The report calls urgently for a nutrition “safety net” to guarantee children’s access to these services every day. This means making child nutrition a central component of national policies and budgets, providing better nutrition information and resources for families, and planning to cope with emergencies.
It also stresses a special focus on the first two years of life – a critical window of opportunity to safeguard children’s future potential. Young bodies and brains may never recover from the effects of poor nutrition during this development stage. A healthy, well nourished pregnancy is an essential first step. And promoting exclusive breastfeeding is the most powerful tool to ensure a child thrives through infancy.
A common approach to the problems of undernutrition is also essential, particularly on reaching the poorest children. The Executive Director of UNICEF has just assumed the chair of the UN Standing Committee on Nutrition, and along with the World Food Programme is leading the new Ending Child Hunger and Undernutrition Initiative to build momentum for the 2015 nutrition goal. Nutrition is also a major focus of the UNICEF co-chaired Partnership on Maternal, Newborn and Child Health to accelerate progress towards reaching the MDG target on reducing child mortality. To support this, UNICEF has developed a ten-year health and nutrition plan to help governments reach children with a far more comprehensive package of lifesaving care.

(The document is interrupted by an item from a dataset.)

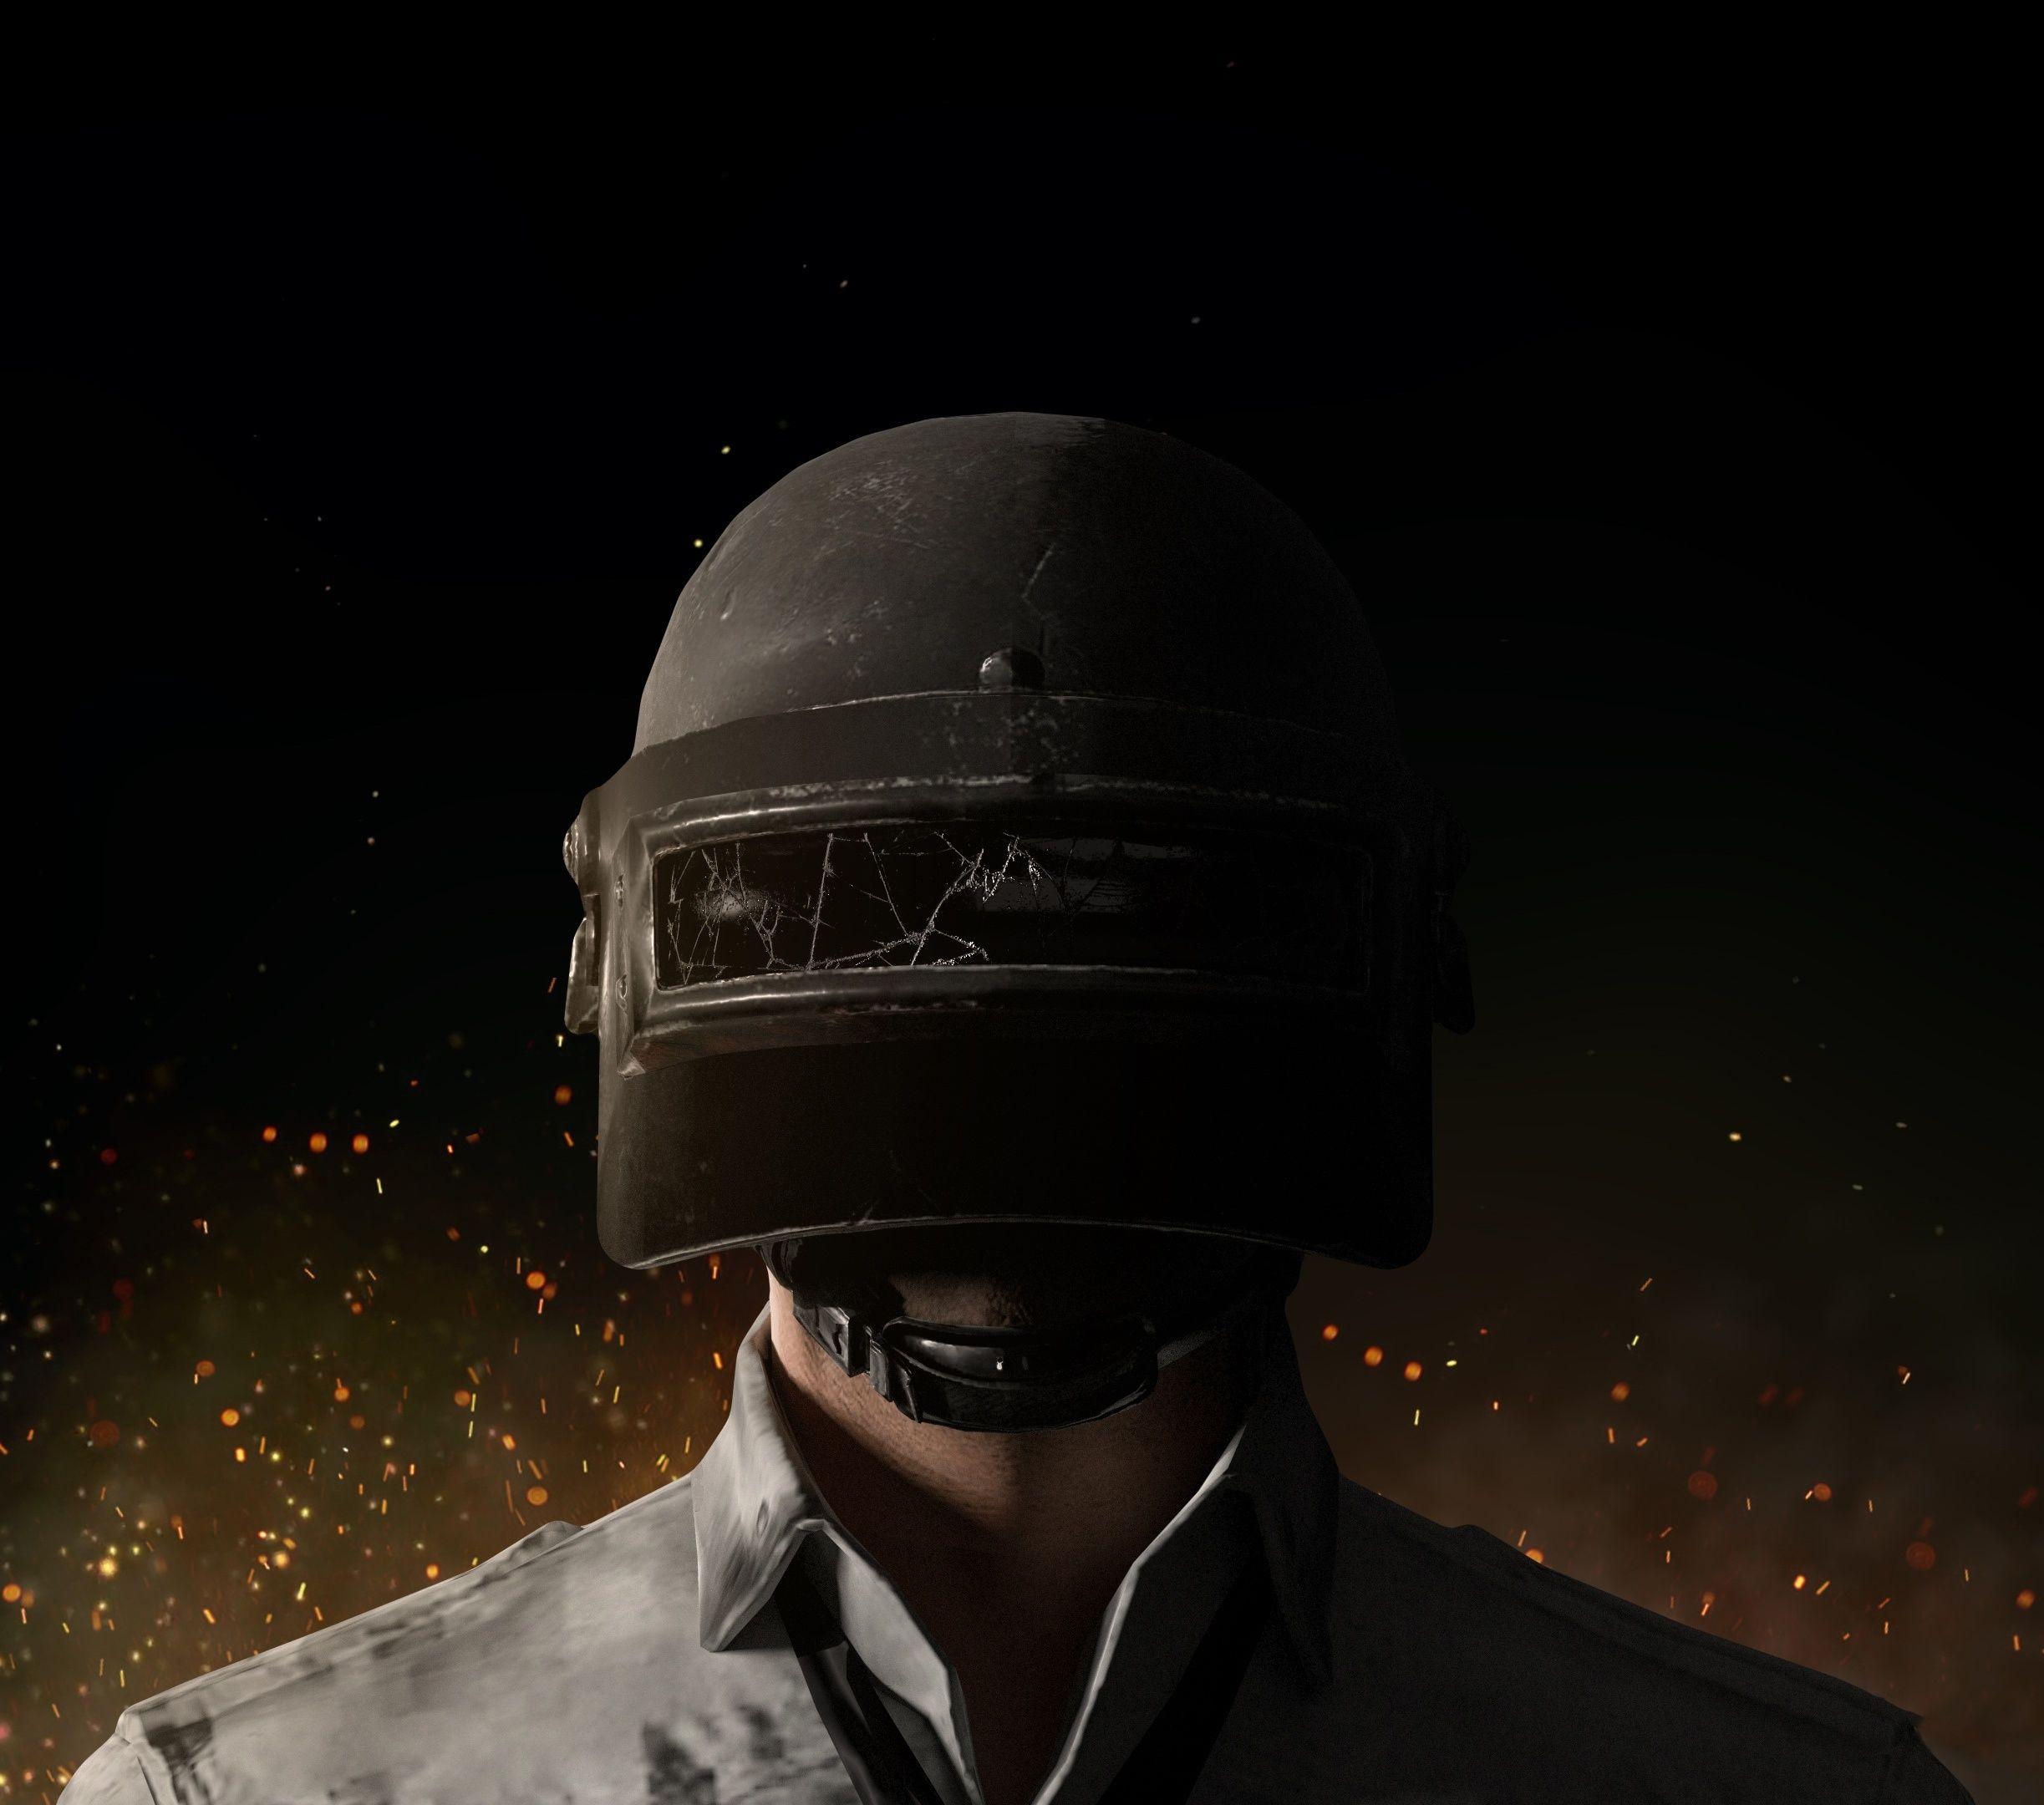 Downaload Pubg Helmet Guy Close Up Wallpaper 2446x2160 Pubg Helmet 4k Wallpaper For Mobile Up Wallpaper

“The Millennium Development Goal to eradicate extreme hunger by 2015 challenges us to bring good health and nutrition to millions of additional children in the decade ahead,” Veneman said. “We still have time to achieve this goal, but only if the international community acts now to deliver the commitment and resources it has promised.”
About UNICEF: For 60 years UNICEF has been the world’s leader for children, working on the ground in 155 countries and territories to help children survive and thrive, from early childhood through adolescence. The world’s largest provider of vaccines for developing countries, UNICEF supports child health and nutrition, good water and sanitation, quality basic education for all boys and girls, and the protection of children from violence, exploitation, and AIDS. UNICEF is funded entirely by the voluntary contributions of individuals, businesses, foundations and governments.